빠른 실습을 위해 처음 2000개의 구절만 색인

In [9]:
# 기본적인 상수 정의config

nbits = 2   # encode each dimension with 2 bits
doc_maxlen = 300 # truncate passages at 300 tokens
experiment = 'ir_contest'

한국어 데이터에 대한 색인/검색

In [None]:
#checkpoint = 'colbert-ir/colbertv2.0'
checkpoint = 'hunkim/sentence-transformer-klue'
#checkpoint = "snunlp/KR-SBERT-V40K-klueNLI-augSTS"
#checkpoint = "google-bert/bert-base-multilingual-cased"
index_name = 'science_common_sense'

with Run().context(RunConfig(nranks = 1, experiment = experiment)):  # nranks specifies the number of GPUs to use
    config = ColBERTConfig(doc_maxlen = doc_maxlen, nbits = nbits, kmeans_niters = 4) # kmeans_niters specifies the number of iterations of k-means clustering; 4 is a good and fast default.
                                                                                # Consider larger numbers for small datasets.
    indexer = Indexer(checkpoint = checkpoint, config = config)
    indexer.index(name = index_name, collection = chunks_only_content, overwrite = True)

In [11]:
def search_docs(query, experiment, index_name, collection, k):
    with Run().context(RunConfig(experiment = experiment)):
        searcher = Searcher(index = index_name, collection = collection)

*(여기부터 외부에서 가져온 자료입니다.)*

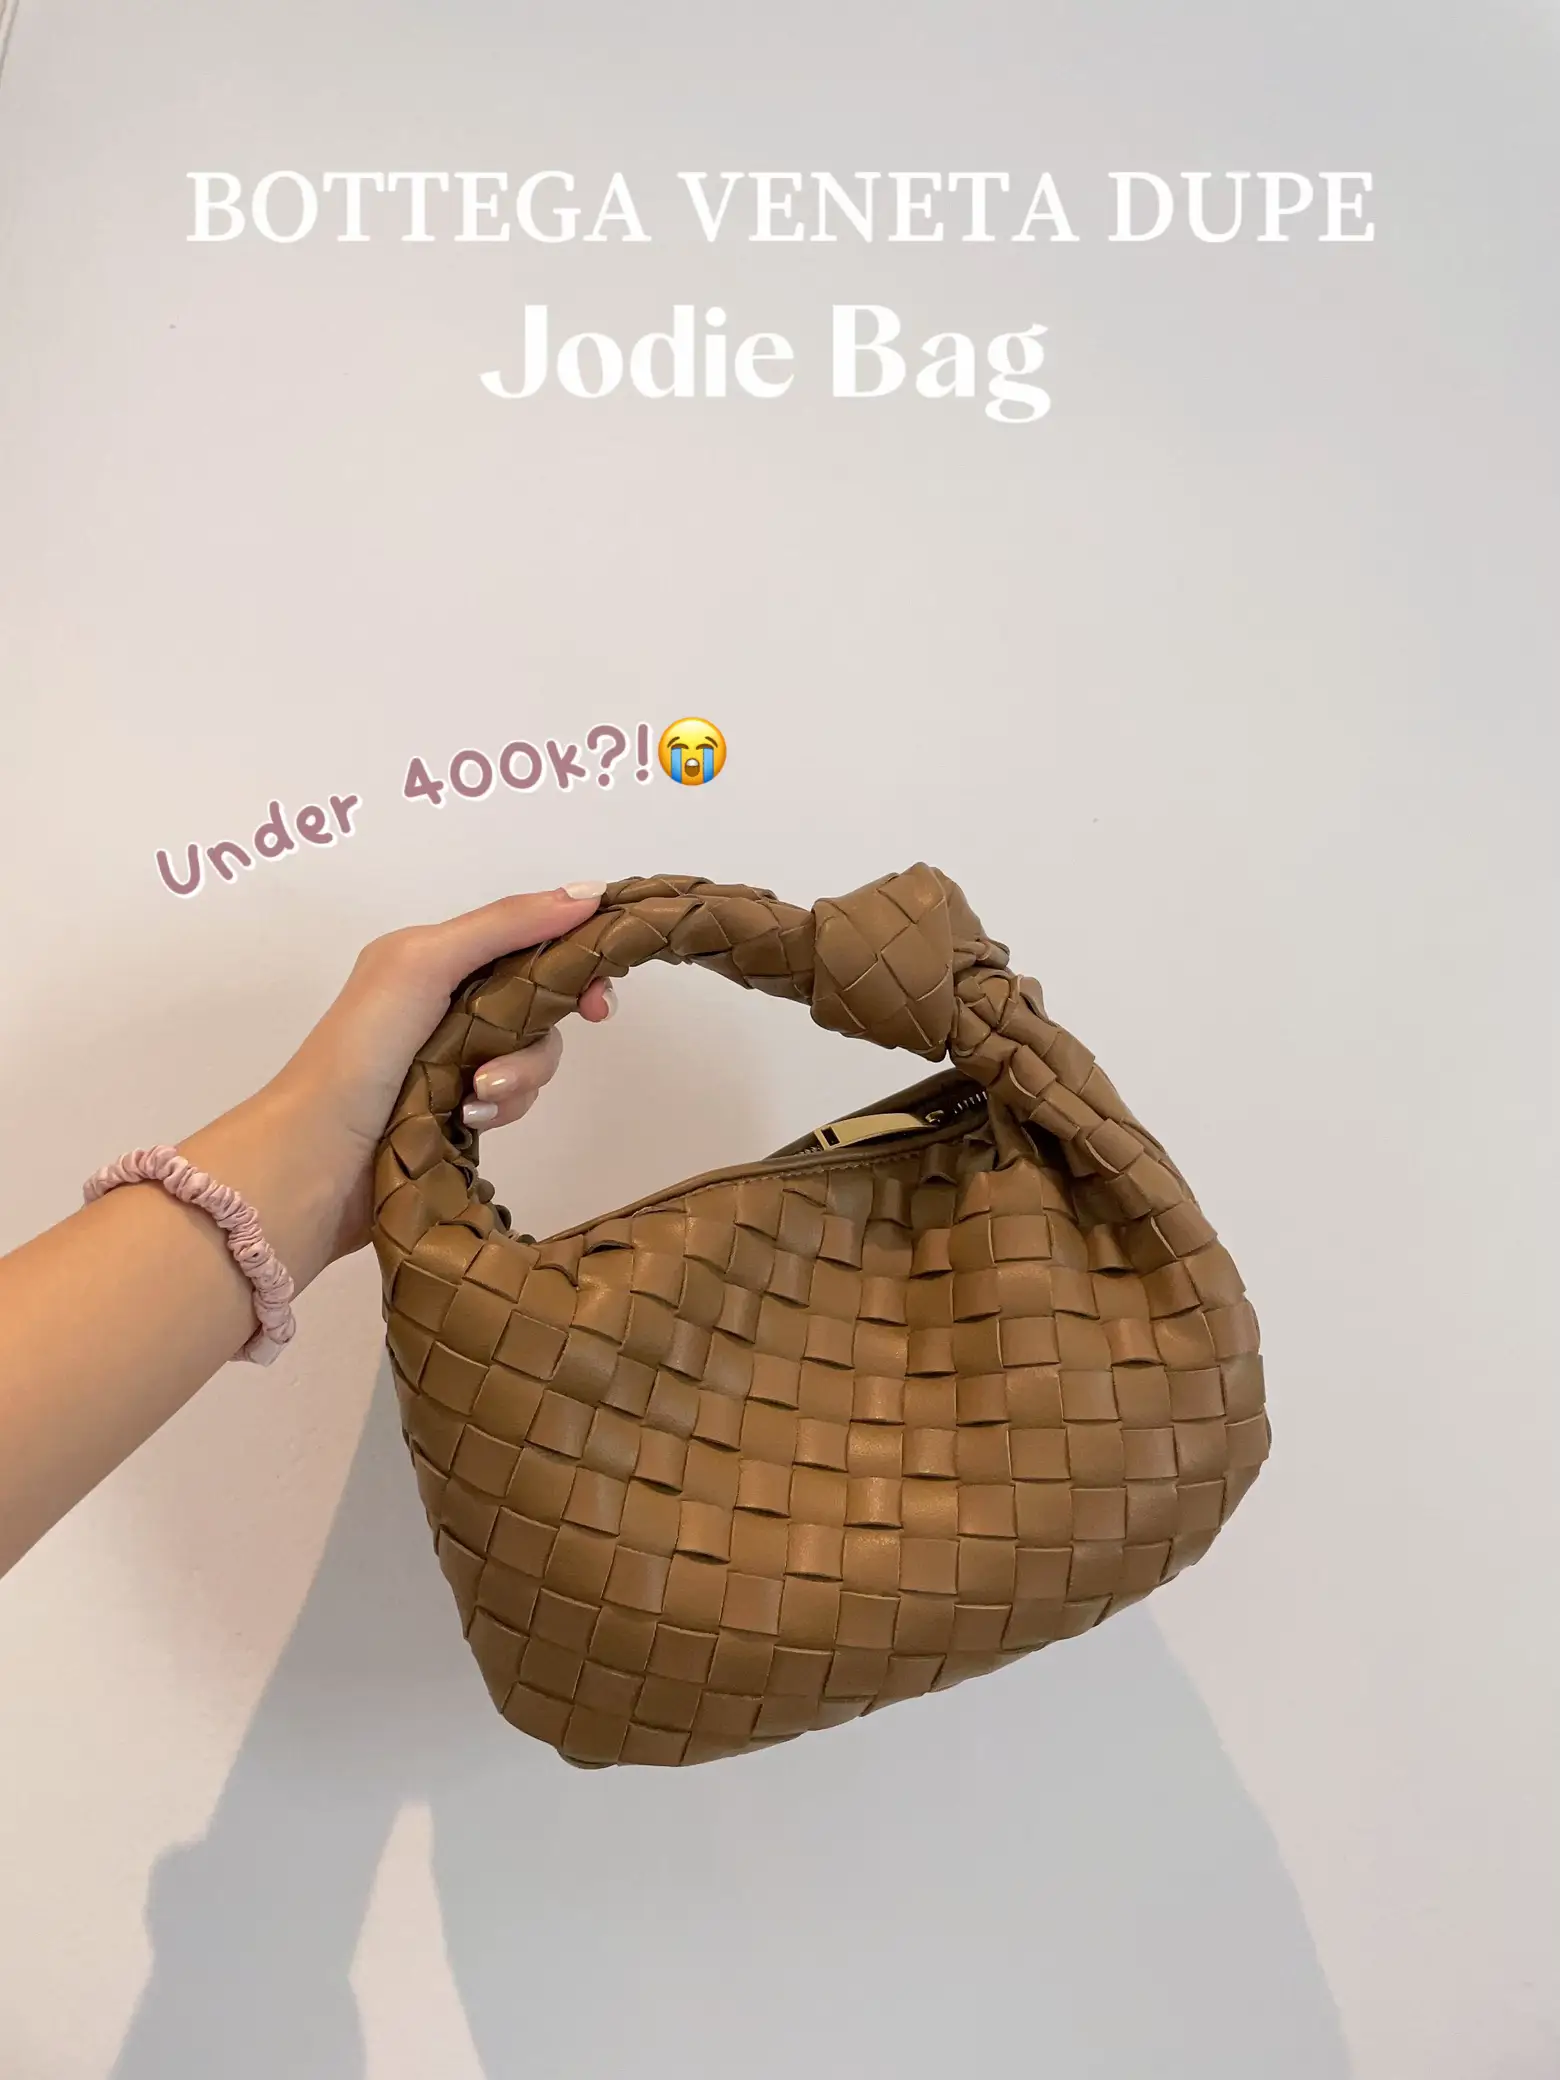 Designer Dupe Alert: Bottega Veneta Jodie Bag - The Brunette Nomad

    # Find the top-3 passages for this query
    results = searcher.search(query, k)
    
    ret = []

    # Print out the top-k retrieved passages
    for passage_id, passage_rank, passage_score in zip(*results):
        print(f"\t [{passage_rank}] \t\t {passage_score:.1f} \t\t {searcher.collection[passage_id]}")
        
        dic = {
            'score': passage_score,
            'passage_id': passage_id,
            'content': searcher.collection[passage_id],
        }
        ret.append(dic)
    
    return ret

In [None]:
ret = search_docs('나무의 분류에 대해 조사해 보기 위한 방법은?', experiment, index_name, chunks_only_content, 3)
print(ret)

## 3. Training TODO

LLM을 활용한 생성데이터로 ColBERT를 학습한 후 더 나은 성능의 모델을 활용하는 방법 실습

In [None]:
import random

triples_data = []
max_c_idx = len(chunks_only_content) - 1

for q_idx in range(len(qfcs_only_question)):
    # 관련 있는 문서 idx
    c_idx = qfcs[q_idx]['chunkOffset']

    # 관련 없는 문서 idx 결정
    while True:
        mc_idx = random.randint(0, max_c_idx)
        
        if (c_idx - 5) <= mc_idx and mc_idx <= (c_idx + 5): continue
        
        break

    triples_data.append(f'{q_idx}, {c_idx}, {mc_idx}')
    print(f"({q_idx}, {c_idx}, {mc_idx}) question: {qfcs_only_question[q_idx]}, relevance doc: {chunks_only_content[c_idx]}, not relevance doc: {chunks_only_content[mc_idx]}")

print(triples_data)

In [14]:
# ColBERT 학습을 위하여 학습 데이터를 파일에 저장
collection_file = 'collection.tsv'
query_file = 'query.tsv'
triples_file = 'triples'

with open(collection_file, 'w') as f:
  for i,item in enumerate(chunks_only_content):
    f.write(f'{i}\t{item}\n')

with open(query_file, 'w') as f:
  for i,item in enumerate(qfcs_only_question):
    f.write(f'{i}\t{item}\n')

with open(triples_file, 'w') as f:
  for i,item in enumerate(triples_data):
    f.write(f'[{item}]\n')

### 3.2 새로 만든 데이터로 모델 학습

In [None]:
from colbert.infra import Run, RunConfig, ColBERTConfig
from colbert import Trainer

if __name__=='__main__':
    with Run().context(RunConfig(nranks=1, experiment="training")):

        config = ColBERTConfig(
            bsize=24,
            root="./experiments",
        )

        trainer = Trainer(
            triples=triples_file,
            queries=query_file,
            collection=collection_file,
            config=config,
        )

        # Pretrained model을 한국어 기반 모델로 설정해 준다.
        checkpoint_path = trainer.train(checkpoint='hunkim/sentence-transformer-klue')
        #checkpoint_path = trainer.train(checkpoint="snunlp/KR-SBERT-V40K-klueNLI-augSTS")
        #checkpoint_path = trainer.train(checkpoint="google-bert/bert-base-multilingual-cased")
        #checkpoint_path = trainer.train()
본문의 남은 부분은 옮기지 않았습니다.